Ironically, supreme confidence allows you to accept the outcome, because you believe it can happen. While confidence may lead you to want to control the outcome because you believe you can ‘make’ it happen, it takes even more confidence to trust that in your skills enough to let go of the outcome. How do you get better at this? Practice it in practice. More below.

Surrender control. An extension of accepting the outcome, you need to surrender control. This is another way of conceptualizing the previous two points. You can’t control your movements to ensure you get the performances you want, and there’s no way to control the outcome. The more you try to do either of these, the more likely it is that you’ll have an inadequate outcome. The solution is to let go of the attempt to control and just let it be.

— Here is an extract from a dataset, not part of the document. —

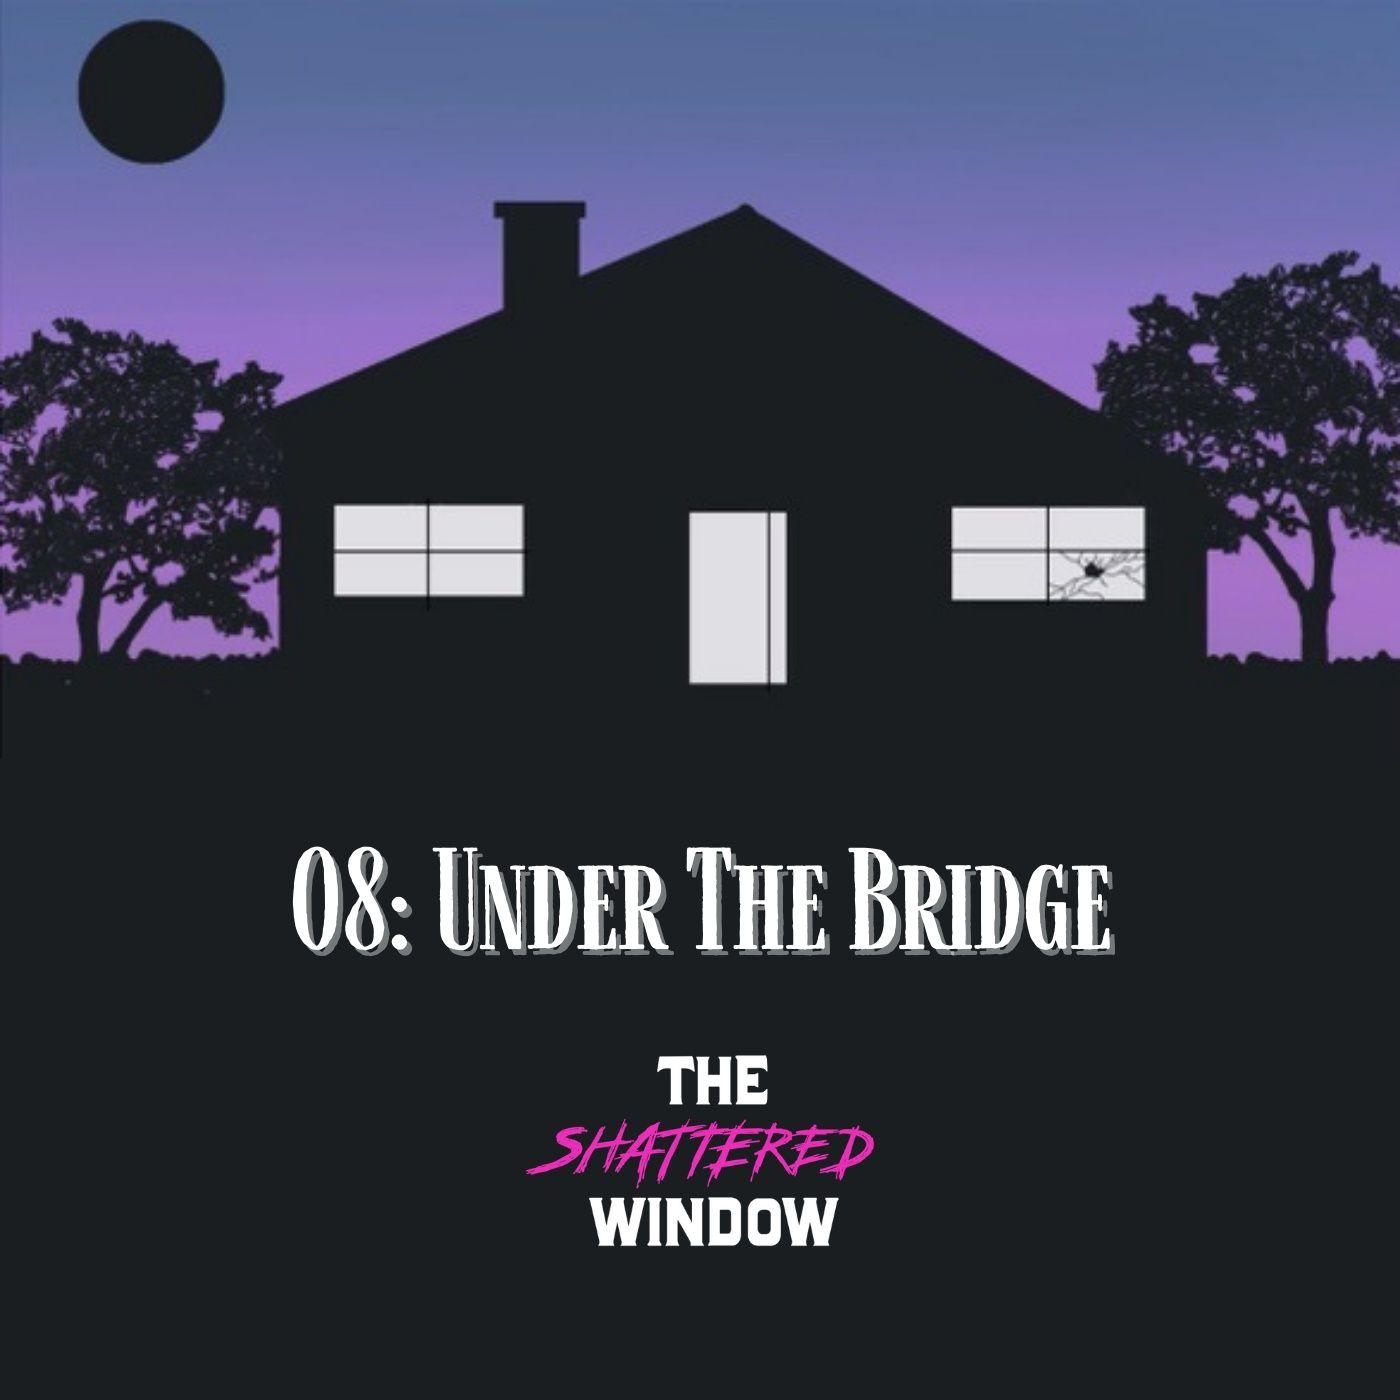 08: Under the Bridge

There are situations where you can ‘control’ your performance and be successful. Generally speaking, these are situations where you are very confident in your ability to succeed, and you know you have the skills to do so. This can happen fairly regularly in training. Unfortunately, competing in high-level competition does not afford the same luxury as you’re less likely to have total confidence in your ability to performance.

Clear your mind. To perform optimally, your mind needs to be empty beyond the single focus point we discussed earlier. Thoughts about opponents, outcomes, and even other technical cues need to disappear. As our brains tend to be racing with conscious thoughts, and this gets worse in the lead up to important or stressful situations, we need a strategy to keep calm. Keeping a clear mind is a critical skill to allow you to surrender control.

Focusing on your breathing is a great way to clear your mind. Focusing on the rhythm of your breathing can prevent you from focusing on any one idea or thought. Beyond shifting your focus, you can literally envision yourself breathing out your need to control, or breathing out your anxieties. Doing so leading up to the event can be a great way to manage your arousal, and the final breaths can serve to clear your mind for the time to allow you to let it all happen. Just take a deep breath, let it out, let it go, and let it rip.

Trust. Underlying all of the strategies is a need to trust yourself and trust your capabilities. You need to trust yourself to only focus on the most important task. You need to trust yourself to let it happen. You need to trust to yourself to accept the outcome. You need to trust yourself to surrender control. You need to trust yourself to clear your mind. The more you trust yourself, the more you’ll be able to perform up to your potential. Remember this essential element as you implement all of the strategies described above.